Кто первый запел эту песнь улицы именно так, я не иначе. Но она сложилась твердо, и было бы невозможно услышать иной напев. ‘Окуни, ерши, судаки’ шли, как звуковой разгон, полным дыханием. Лишь на ‘сигах’ голос получал басовую глубь: ‘си-и’, точно отступал, и ‘ги’ опять текли протяжной звуковой трубой. Затем наступала строчка роздыха, орнамент.

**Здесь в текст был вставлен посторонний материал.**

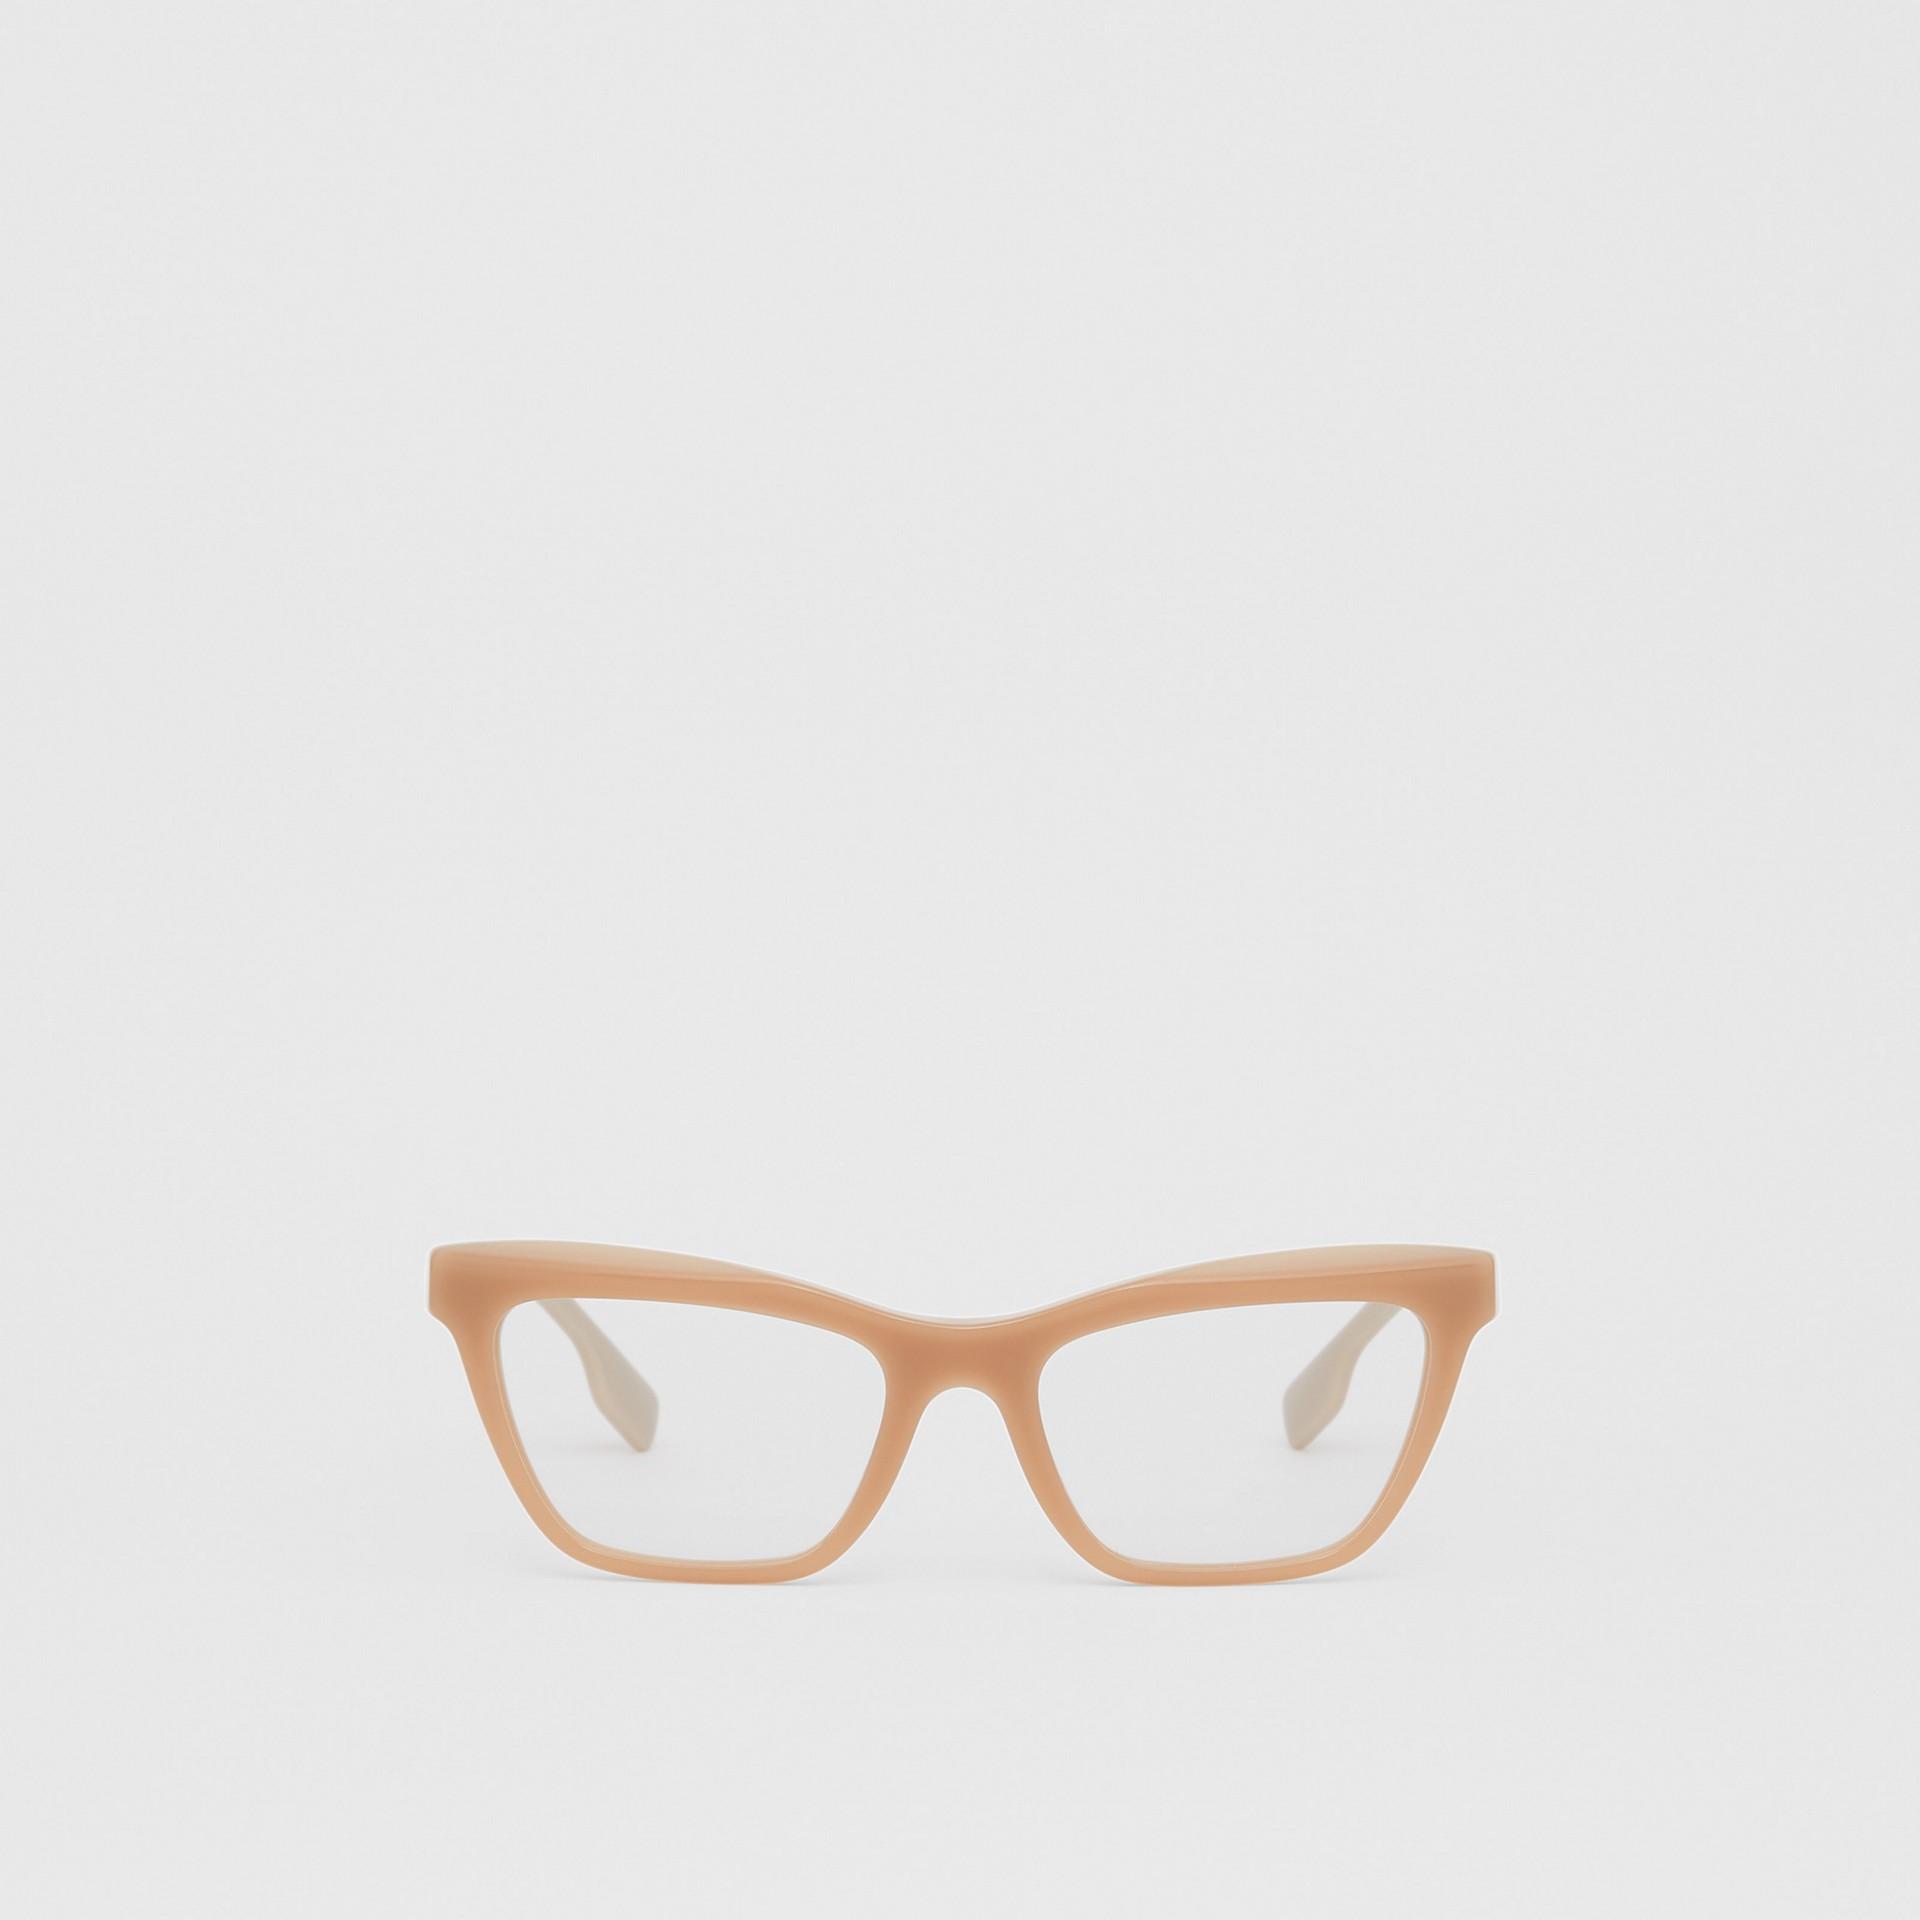 Rectangular Optical Frames in Peach - Women | Burberry Australia - gallery image 0
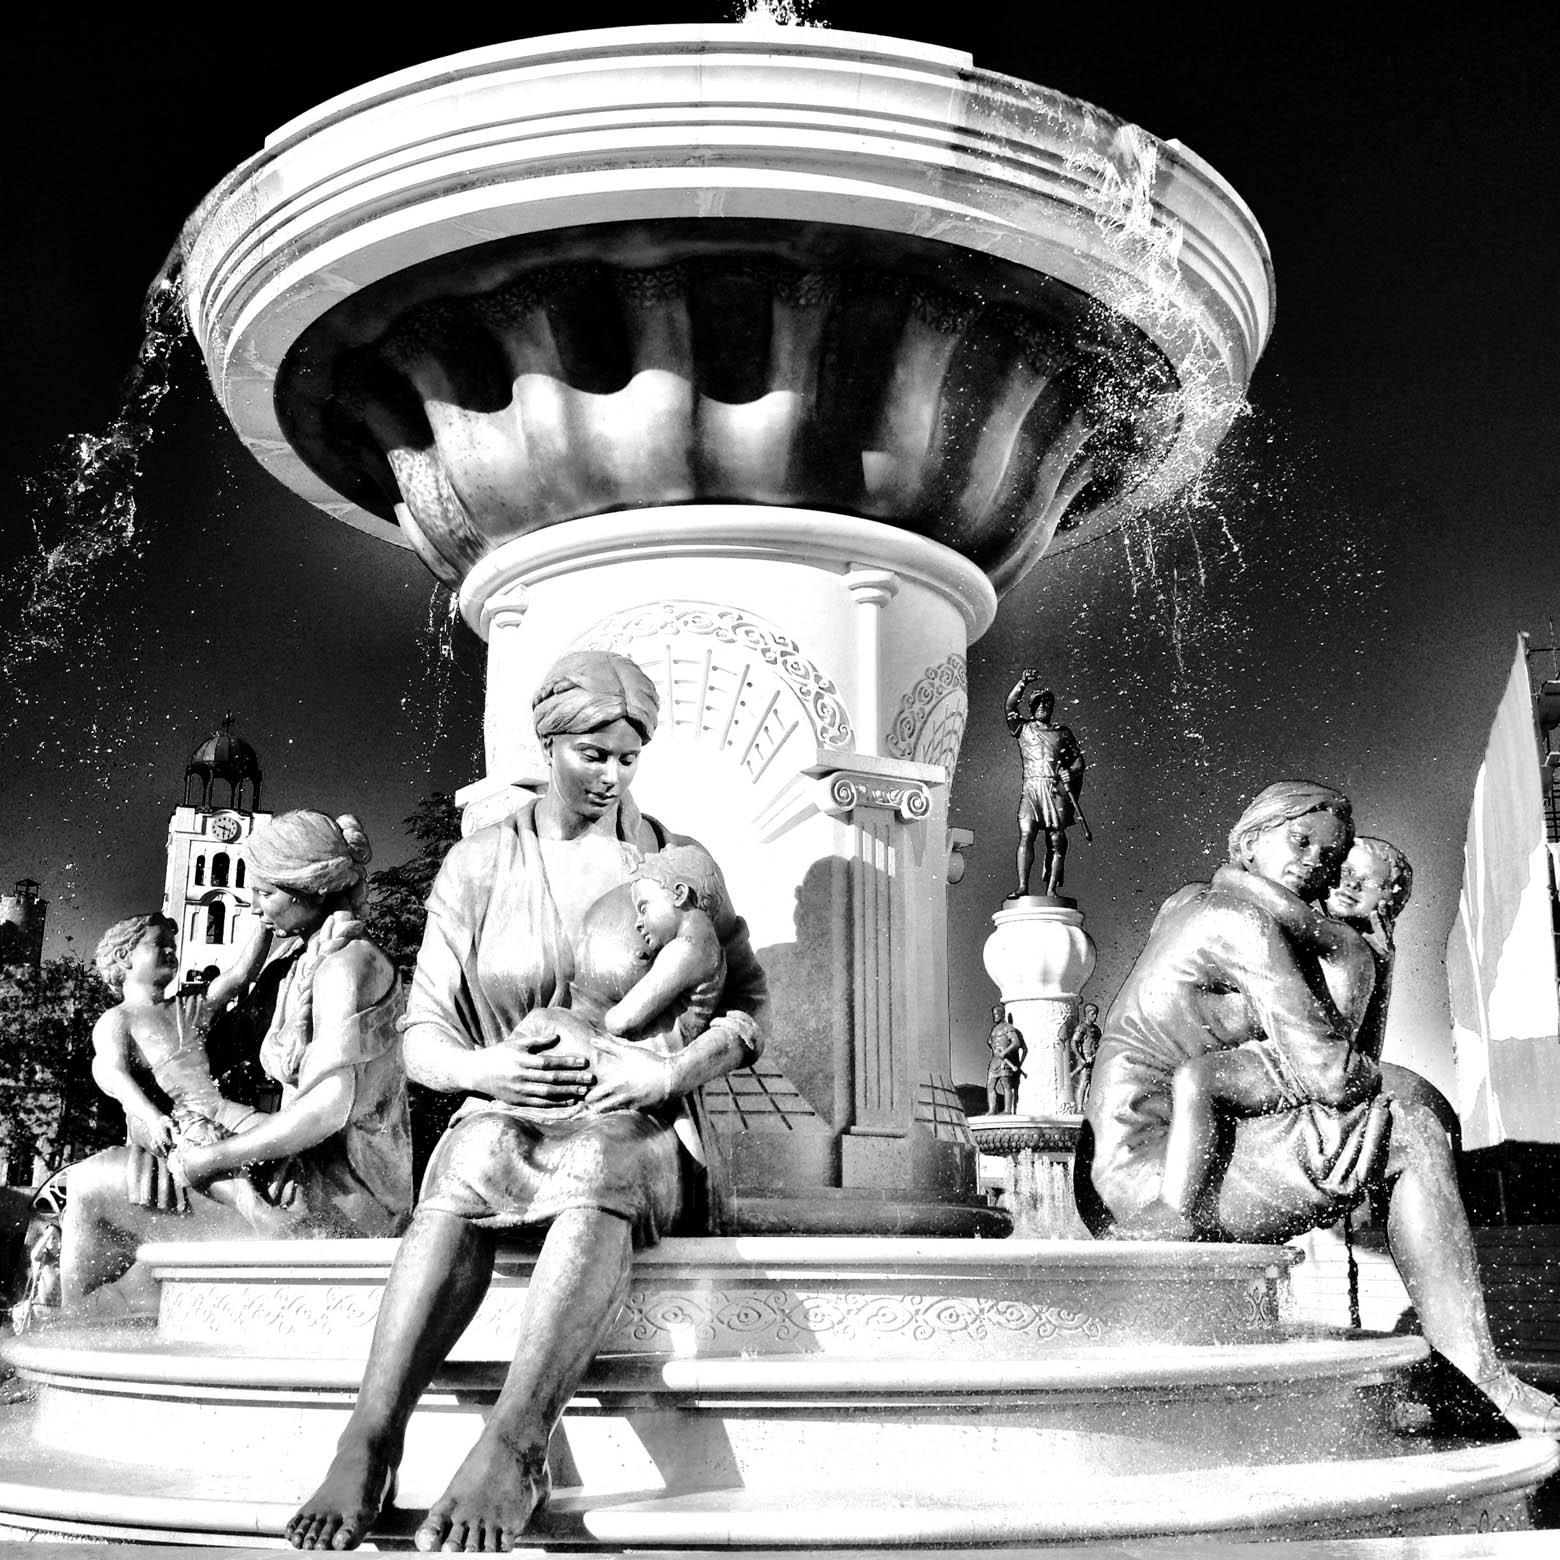 Skopje Mother & Child Fountain Black & White

‘Невска лососина’ пелась игривее, с какими-то полускрытыми стаккато, и только последние ‘си-и-на-а’ сливались в общую звуковую трубу, а потом, когда он спускал свой чан на ступеньки подъезда, деревянного подъезда на Госпитальной, или клал его просто на тротуар, голос становился обыкновенным человеческим говором. Ярославским, мужичьим. Сеточкой-сачком он переворачивал плоских, вкусных шлепавших ершей, вынимал из-за голенища звякавшие весы, каким-то чудом сложенные в сапог, из-за пояса вытаскивал грубую (о! очень грубую, чтобы больше вышло) оберточную бумагу и взвешивал быстро на 35 копеек, на 37 копеек, на все 40 копеек. Качалась, точно не доверяла чему-то, стрелка, а он пальцами, гирями, глазами, подмигом и ладным и крепким говором кончал продажу. Нельзя было не купить. И рубашка была у него русская, ситцевая, красная, уже многостиранная, с блеклой белой горошиной. Косоворотка. И передник. И кругленькая штучка с дыркой вроде подушки, которую он клал на картуз, чтобы чан не давил. Потом подымался и шел вдоль пыльных акаций по чахлому, недавно посаженному бульвару Магазейной, и вместе с пылью, бархатной пудрой, взвивавшейся из-под резиновых шин и ложившейся на акации, подымался над улицей напев, без которого, казалось, и не было бы жизни:
— Окуни, ерши, судаки, рыба корюшка. И ‘корюшка’ пелась так обещающе и чуть загадочно, с каким-то полускрытым намеком, что, мол, корюшка эта и есть самое веселое, серебристое, пахнущее Ладогой, и что, если нужно, он остановится, снимет свой чан и набросает полный, бумажный фунтик этих мелкачей. Я до сих пор иногда вижу, как он доходит до Магазейной, еще раз оборачивается назад, не выбежала ли какая-нибудь Анисья из деревянного низкого домика, не машет ли рукой, не кличет ли обратно. Если бы я мог, я сейчас же вернул бы его обратно, присел бы на третью, деревянную ступень крыльца и смотрел бы, как он поставит зелено-белый чан с деревянными ручками, как снимает с головы плоскую штучку с дыркой посредине и как заговорит, показывая пальцем на плоских ершей и уснувших судаков. Потом я посадил бы его просто рядом с собой на ступеньку, потрогал бы передник, потрогал бы блеклую, отцветшую рубаху в горошинку и даже лицо, скуластое и безбородое, крепкое лицо, овеянное воздухом, ибо все это: и пыль, бархатная, пудрящая пыль на шоссе, и лещи, и взвитый мотив ‘окуни, ерши’, и поворот с Госпитальной на Магазейную, и большой, высокий, каменный дом с проволочной дырчатой вывеской и с висящими литыми буквами ‘Водопроводное Заведение Ивана Селиверстова’, все это — Россия. И около этого хочется посидеть тихо, не шелохнувшись, чтобы никто не заметил, не услышал, не согнал. Посидеть на третьей ступеньк деревянного Гавриловского дома, посмотреть наверх, на эмалевое, белое небо, без лазури и без облаков, простое белое, русское небо, какого нет в другом месте нигде, и подумать:
— Россия…
Может быть, потому, что на этой третьей ступеньке дощатого домика с полисадником, на игрушечном и косом подъездике осталась вся жизнь, и живое, красное биение сердца было там. И большая, бессильная радость до слез.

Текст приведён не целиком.